That doesn't explain why it's complex –  user13223423 Jun 25 at 10:53

4 Answers 4

up vote 2 down vote accepted

This still doesn't explain to what the importance of the factor of i is

Euler's formula

$$e^{i\omega} = \cos \omega + i\sin \omega$$

Thus, the real part of $e^{i\omega}$ is $\cos \omega$:

$$\cos \omega = \frac{e^{i\omega} + e^{-i\omega}}{2}$$

and the imaginary part of $e^{i\omega}$ is $\sin \omega$:

$$\sin \omega = \frac{e^{i\omega} - e^{-i\omega}}{2i}$$

Now consider the complex number

$$s = i\sigma + \omega$$

which we will call the complex frequency.

By the above, we have

$$e^{ist} = e^{-\sigma t}e^{i\omega t} = e^{-\sigma t}\left(\cos \omega t + i\sin \omega t\right)$$

The real part is

$$e^{-\sigma t}\cos \omega t$$

and the imaginary part is

$$e^{-\sigma t}\sin \omega t$$

Clearly, these are decaying (damped) oscillations which, as you might imagine, are very important in describing many physical systems.

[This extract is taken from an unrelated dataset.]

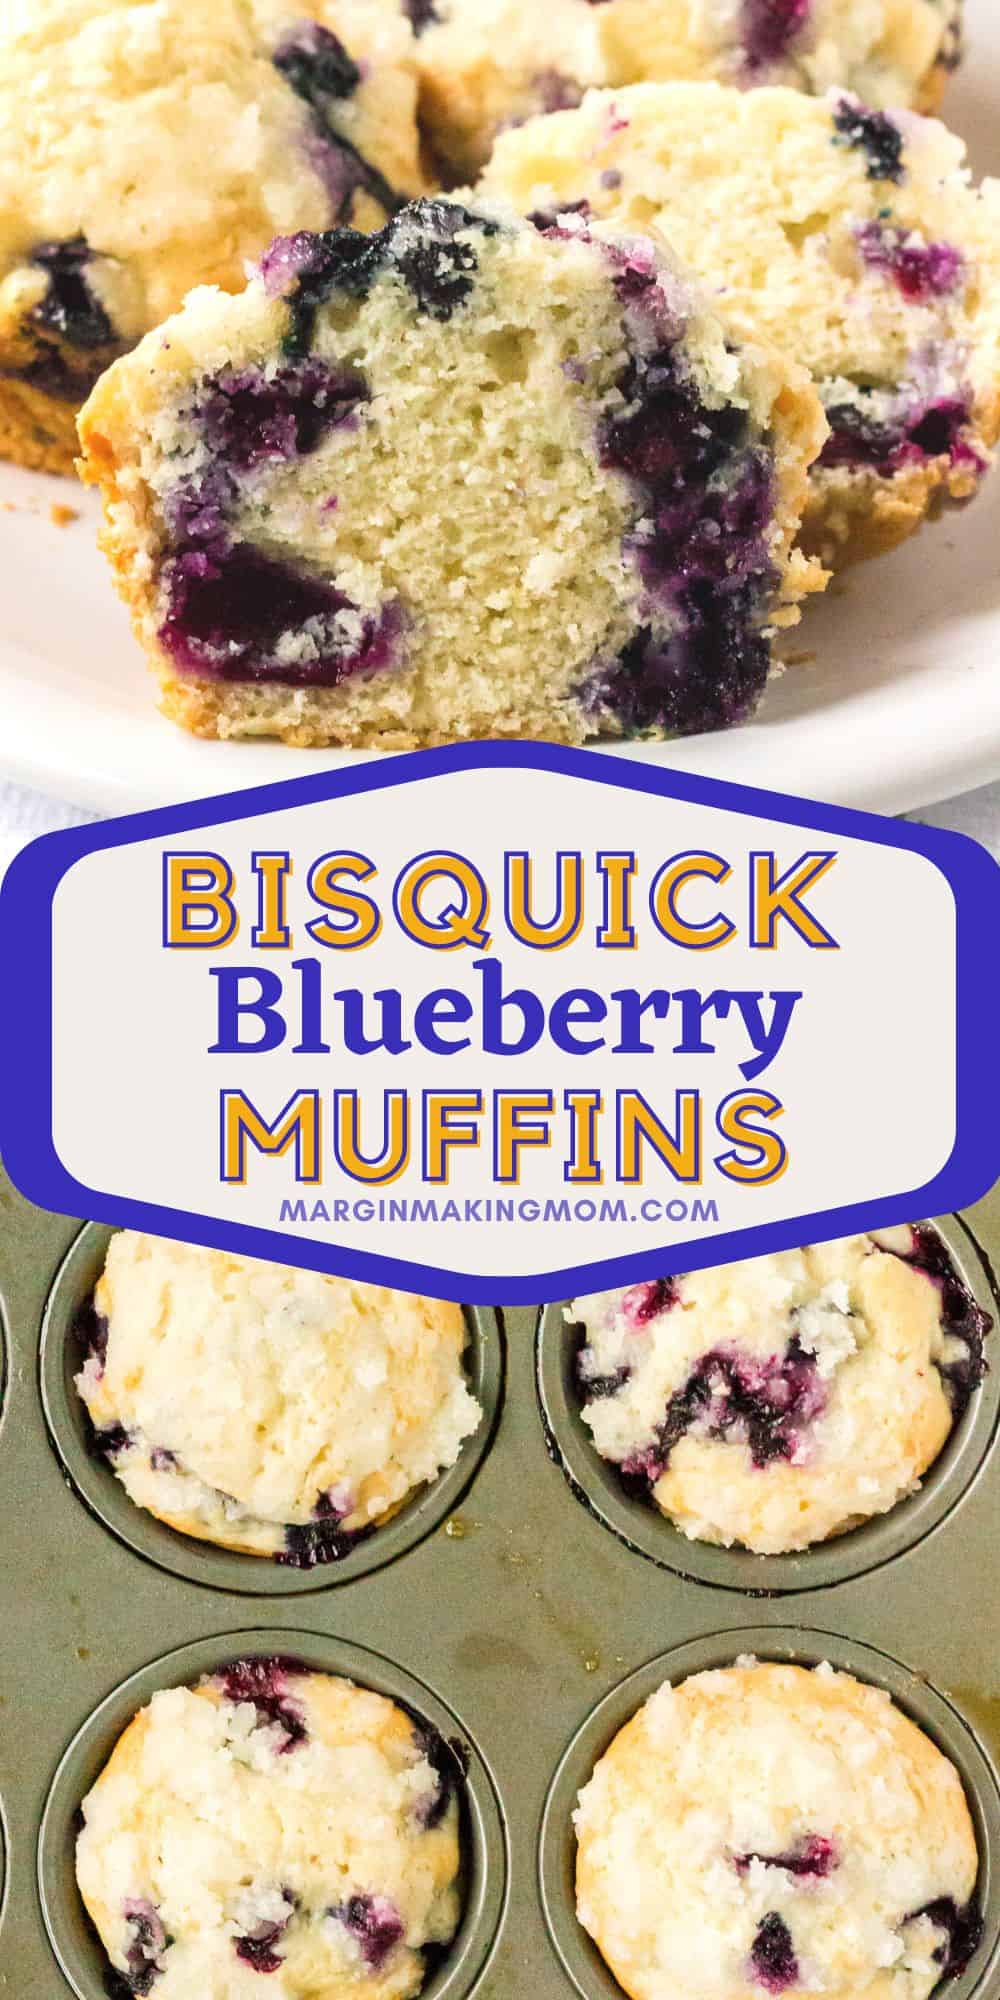 two photos; one shows Bisquick blueberry muffins on a plate, with a close-up view of a muffin that's cut in half. The other shows muffins in a baking tin.

So, while it's possible to avoid using complex frequency, it's much less convenient.


So when I read something about how fields fall into black holes and the modes consequently decay, why are the corresponding frequencies complex?

If the complex frequency is real, $\sigma = 0$, there is no decay, no dissipation.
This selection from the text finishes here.